▶ **Exercise description**
Copy the listing below exactly. Pictures stay out of it.

▶ **Provided material**
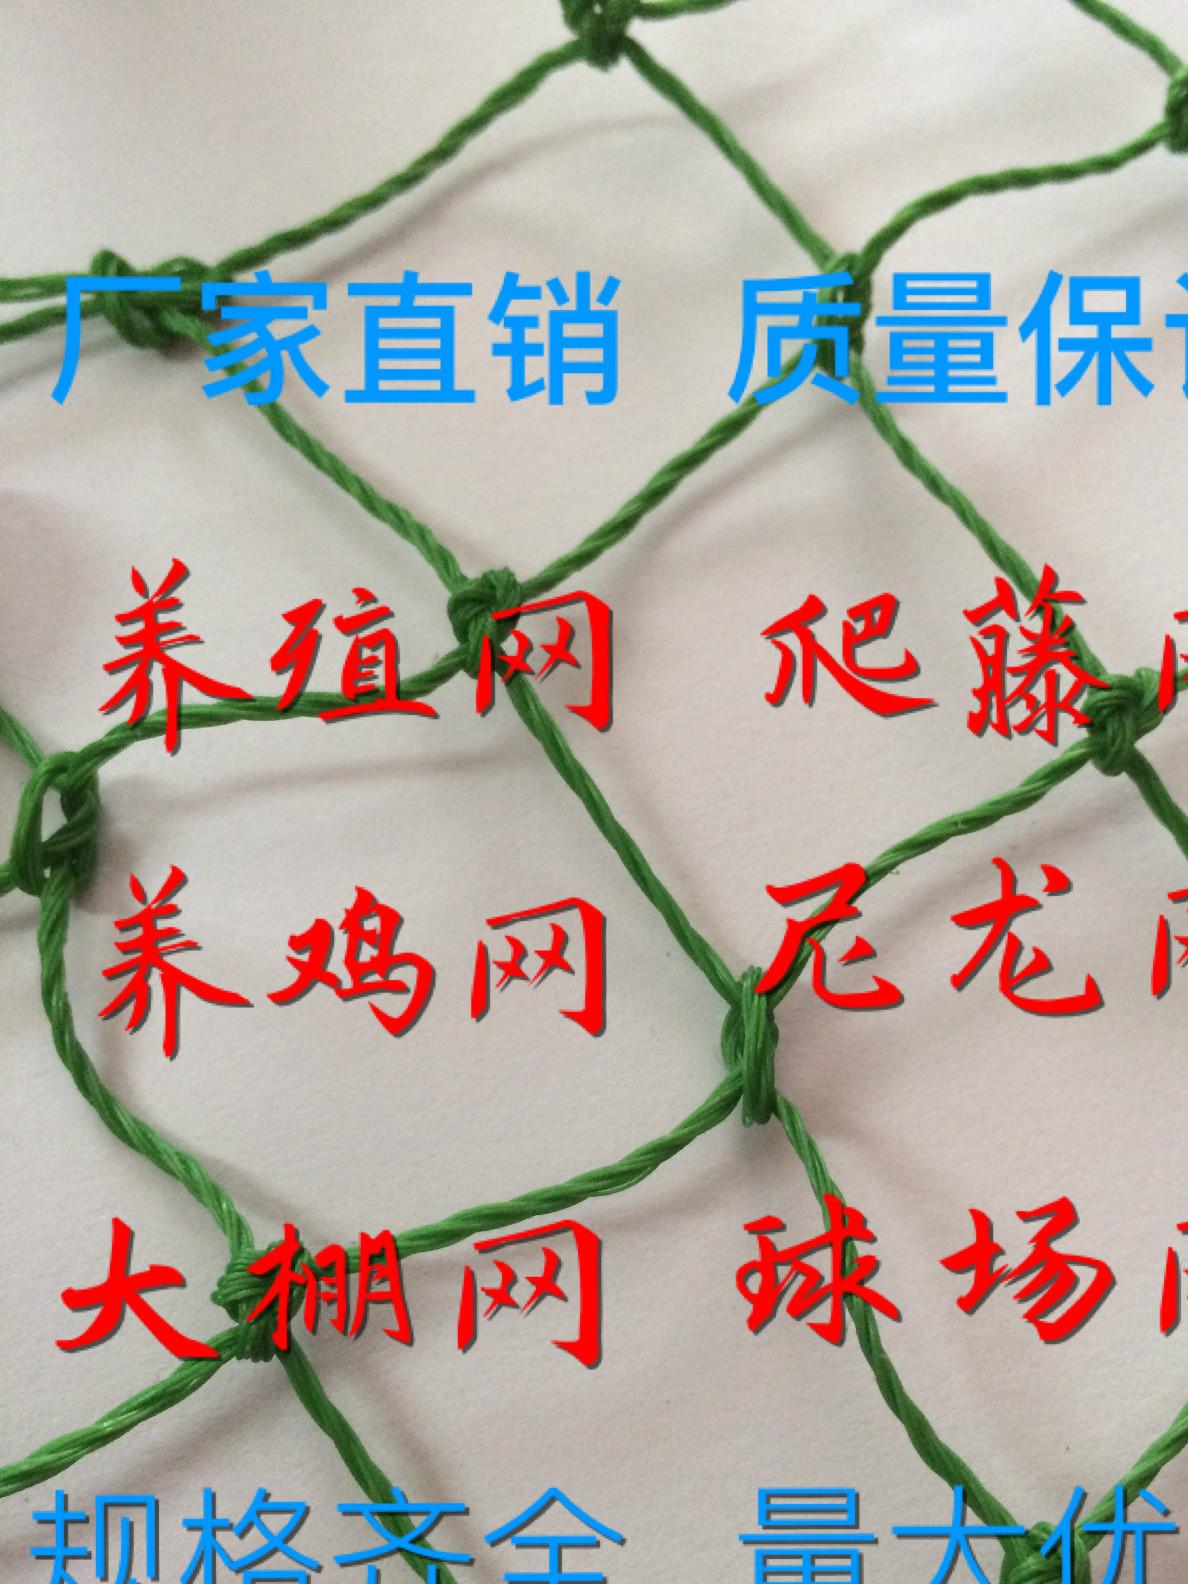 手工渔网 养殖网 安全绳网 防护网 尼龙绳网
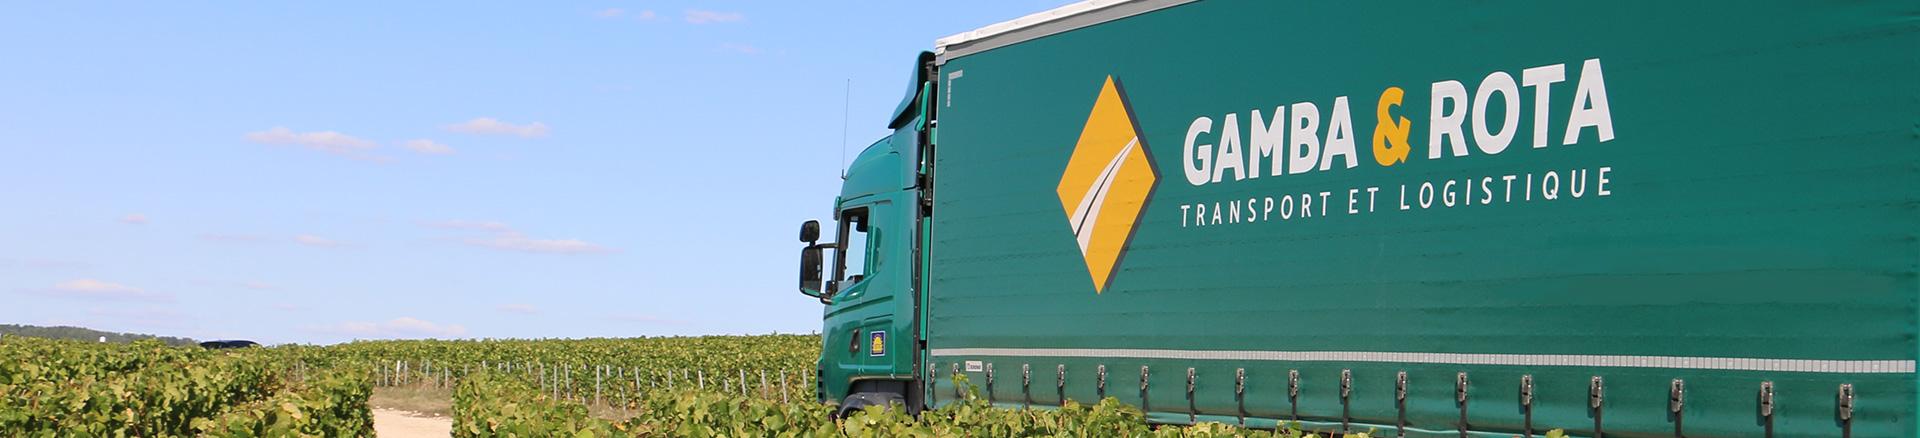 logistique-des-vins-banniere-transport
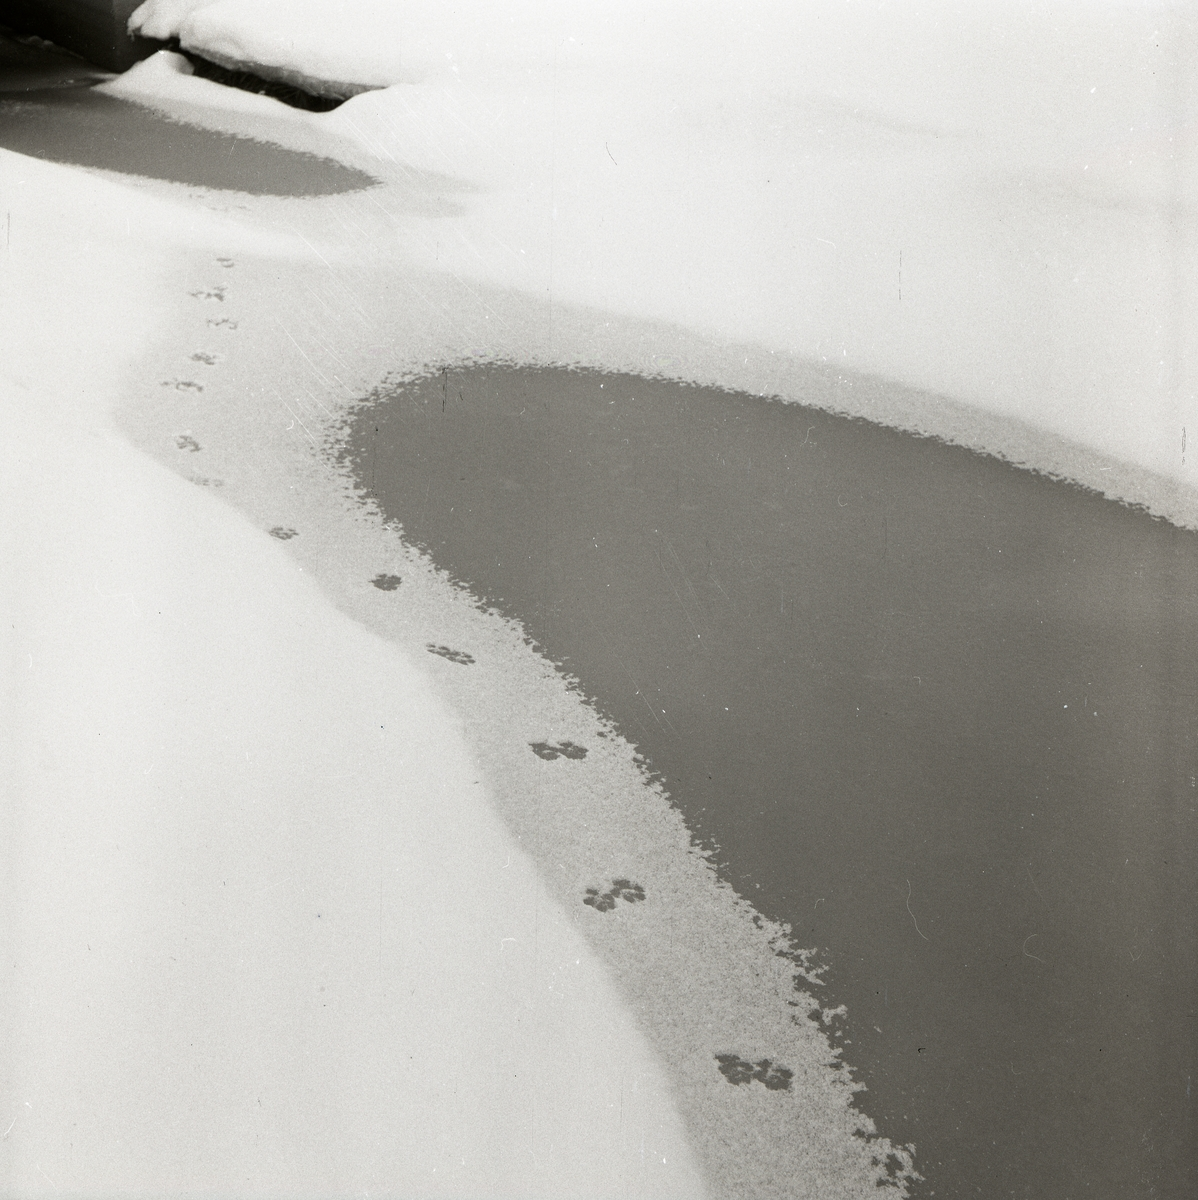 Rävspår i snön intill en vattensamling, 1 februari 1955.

▶ **Response below**
 手工渔网 养殖网 安全绳网 防护网 尼龙绳网
 logistique-des-vins-banniere-transport
 Rävspår i snön intill en vattensamling, 1 februari 1955.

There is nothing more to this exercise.